• **Exercise materials**:
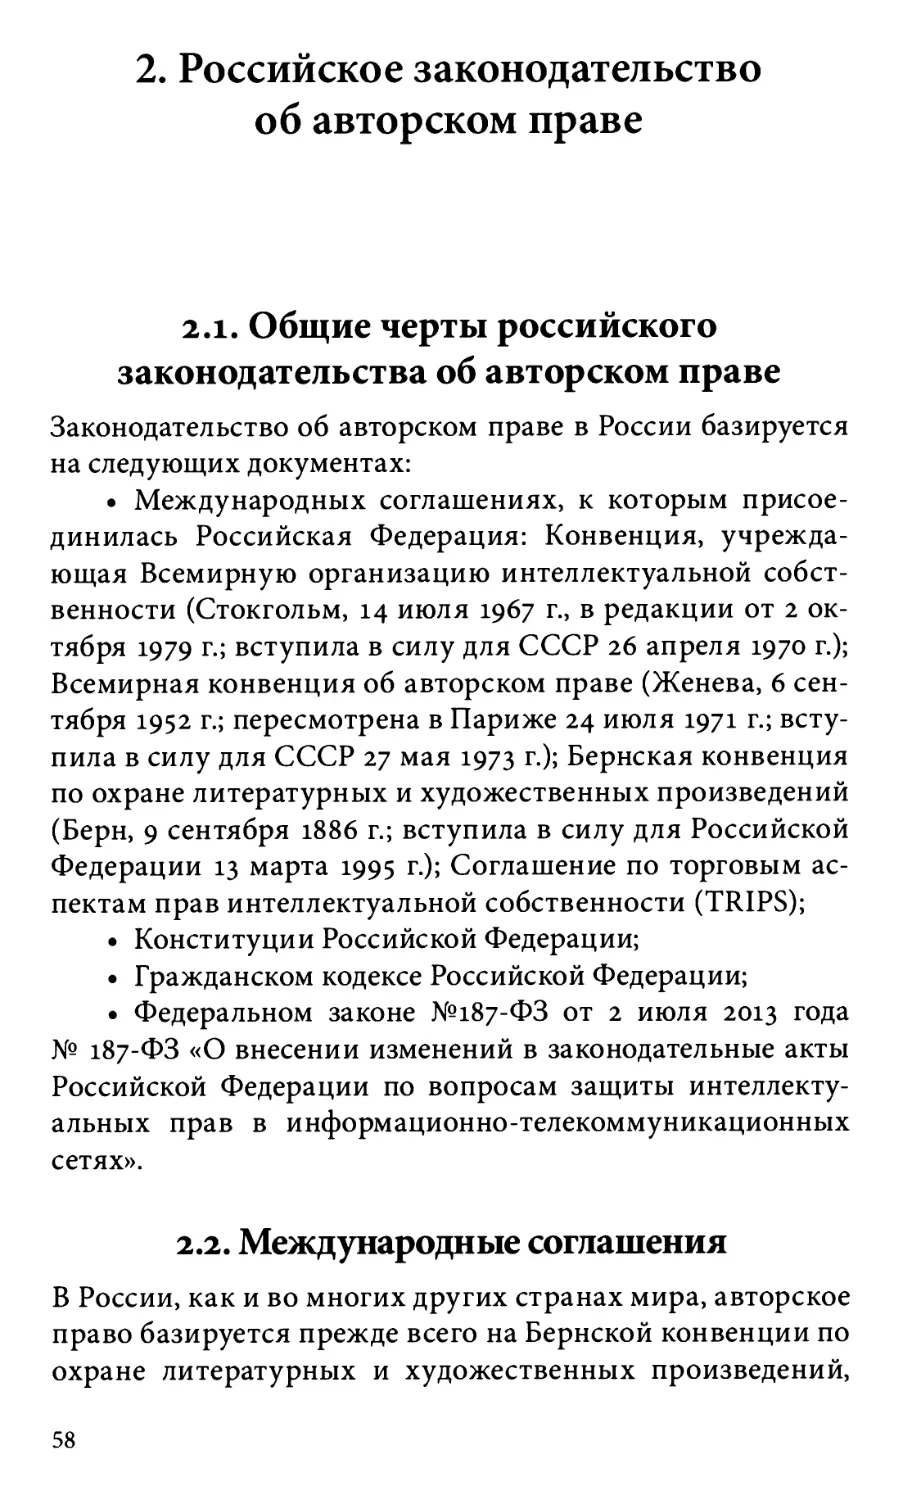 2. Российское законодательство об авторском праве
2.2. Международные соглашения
* * *
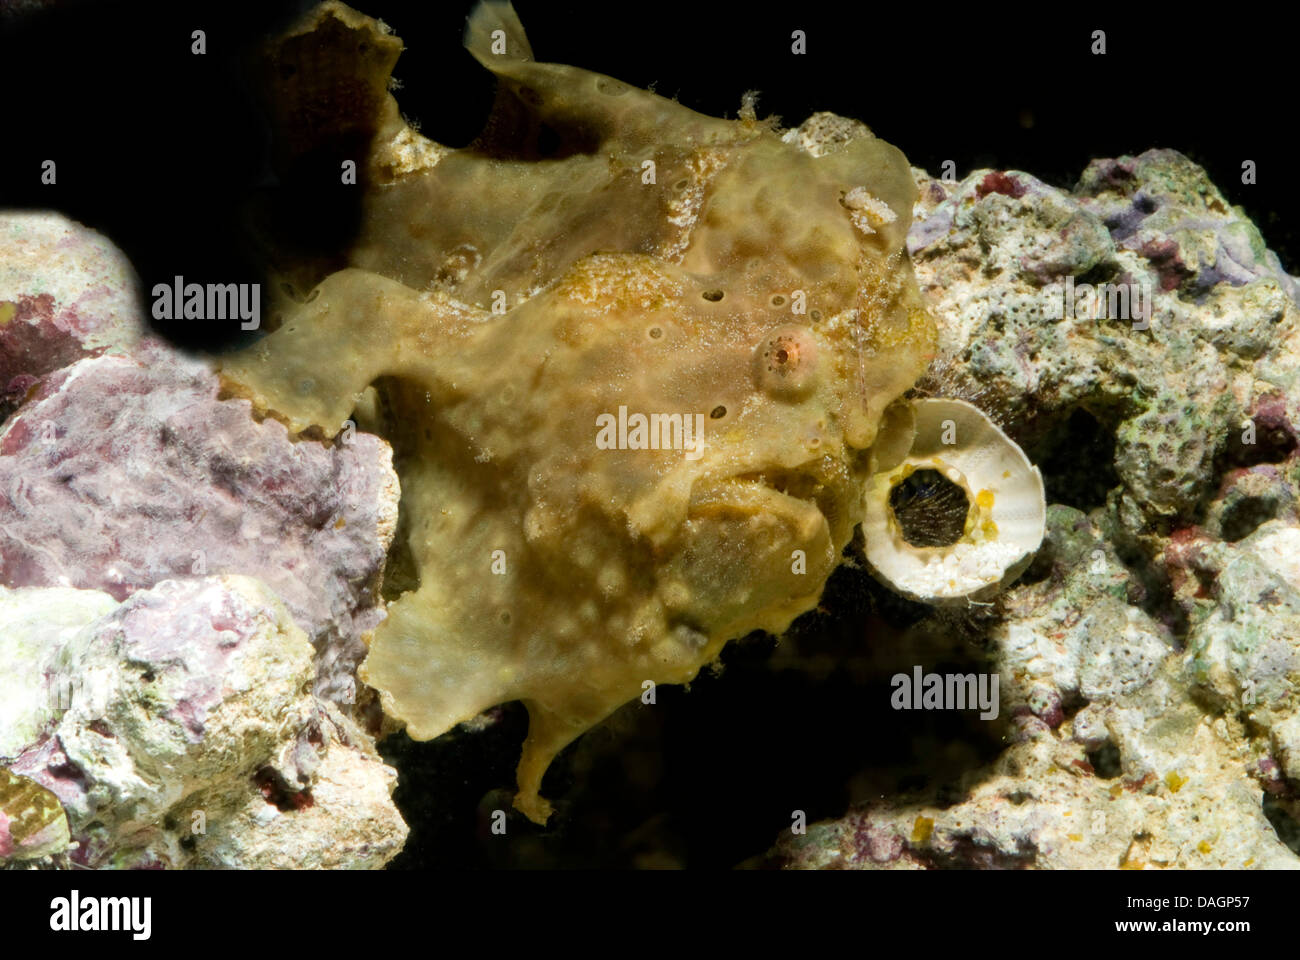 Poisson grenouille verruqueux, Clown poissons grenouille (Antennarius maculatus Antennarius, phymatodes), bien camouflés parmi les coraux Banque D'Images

• **Task statement**:
Once the line with "2. Российское законодательство" has been found above, output that line and every later line exactly, stopping after the line with "2.2. Международные соглашения", and omit the pictures.

• **Answer space**:
 2. Российское законодательство об авторском праве
2.2. Международные соглашения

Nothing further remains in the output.